(Source data Opens)

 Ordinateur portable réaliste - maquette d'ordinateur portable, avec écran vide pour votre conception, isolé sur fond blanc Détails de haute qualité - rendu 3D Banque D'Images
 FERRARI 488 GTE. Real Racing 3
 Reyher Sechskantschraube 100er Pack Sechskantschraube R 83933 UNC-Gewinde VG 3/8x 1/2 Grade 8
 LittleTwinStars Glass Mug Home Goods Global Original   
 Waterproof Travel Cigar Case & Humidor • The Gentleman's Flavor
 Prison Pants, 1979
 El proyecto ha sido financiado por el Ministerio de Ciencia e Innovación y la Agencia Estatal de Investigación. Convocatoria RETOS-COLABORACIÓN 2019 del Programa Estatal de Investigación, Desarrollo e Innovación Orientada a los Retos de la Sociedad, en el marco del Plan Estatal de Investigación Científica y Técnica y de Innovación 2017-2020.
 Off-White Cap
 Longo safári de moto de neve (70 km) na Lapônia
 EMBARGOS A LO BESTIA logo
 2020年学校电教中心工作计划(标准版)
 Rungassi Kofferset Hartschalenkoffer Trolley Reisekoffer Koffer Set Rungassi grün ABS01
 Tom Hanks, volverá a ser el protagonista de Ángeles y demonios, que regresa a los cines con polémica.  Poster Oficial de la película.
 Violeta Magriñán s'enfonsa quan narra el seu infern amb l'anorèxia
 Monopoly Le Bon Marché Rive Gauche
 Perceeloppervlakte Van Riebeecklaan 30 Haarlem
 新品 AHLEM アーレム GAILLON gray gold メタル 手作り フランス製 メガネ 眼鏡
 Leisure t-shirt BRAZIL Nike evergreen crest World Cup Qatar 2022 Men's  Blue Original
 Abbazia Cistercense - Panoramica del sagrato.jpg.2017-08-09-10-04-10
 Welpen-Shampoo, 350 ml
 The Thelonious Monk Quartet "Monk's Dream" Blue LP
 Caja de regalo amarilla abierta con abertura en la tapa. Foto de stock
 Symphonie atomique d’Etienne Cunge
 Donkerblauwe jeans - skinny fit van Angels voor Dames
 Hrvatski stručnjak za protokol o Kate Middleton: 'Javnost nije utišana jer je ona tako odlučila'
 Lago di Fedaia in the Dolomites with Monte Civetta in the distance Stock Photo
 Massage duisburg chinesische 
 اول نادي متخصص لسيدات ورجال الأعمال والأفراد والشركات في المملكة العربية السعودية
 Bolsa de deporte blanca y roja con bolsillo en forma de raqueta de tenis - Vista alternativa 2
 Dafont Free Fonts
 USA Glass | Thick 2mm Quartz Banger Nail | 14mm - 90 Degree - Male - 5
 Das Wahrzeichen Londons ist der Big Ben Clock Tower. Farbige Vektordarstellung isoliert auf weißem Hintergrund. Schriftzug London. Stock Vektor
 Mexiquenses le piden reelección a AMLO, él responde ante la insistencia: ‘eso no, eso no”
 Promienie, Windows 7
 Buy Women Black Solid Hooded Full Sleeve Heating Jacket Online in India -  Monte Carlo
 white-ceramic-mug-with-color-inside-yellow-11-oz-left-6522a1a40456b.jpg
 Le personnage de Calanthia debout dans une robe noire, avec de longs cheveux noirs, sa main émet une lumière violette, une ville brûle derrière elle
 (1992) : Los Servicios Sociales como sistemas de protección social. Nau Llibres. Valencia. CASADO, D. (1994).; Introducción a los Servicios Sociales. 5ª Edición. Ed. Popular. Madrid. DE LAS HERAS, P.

(Source data Closes)

* Problem: The answer should be a single number: how many lines in the records contain "with".

* Result of the exercise: 2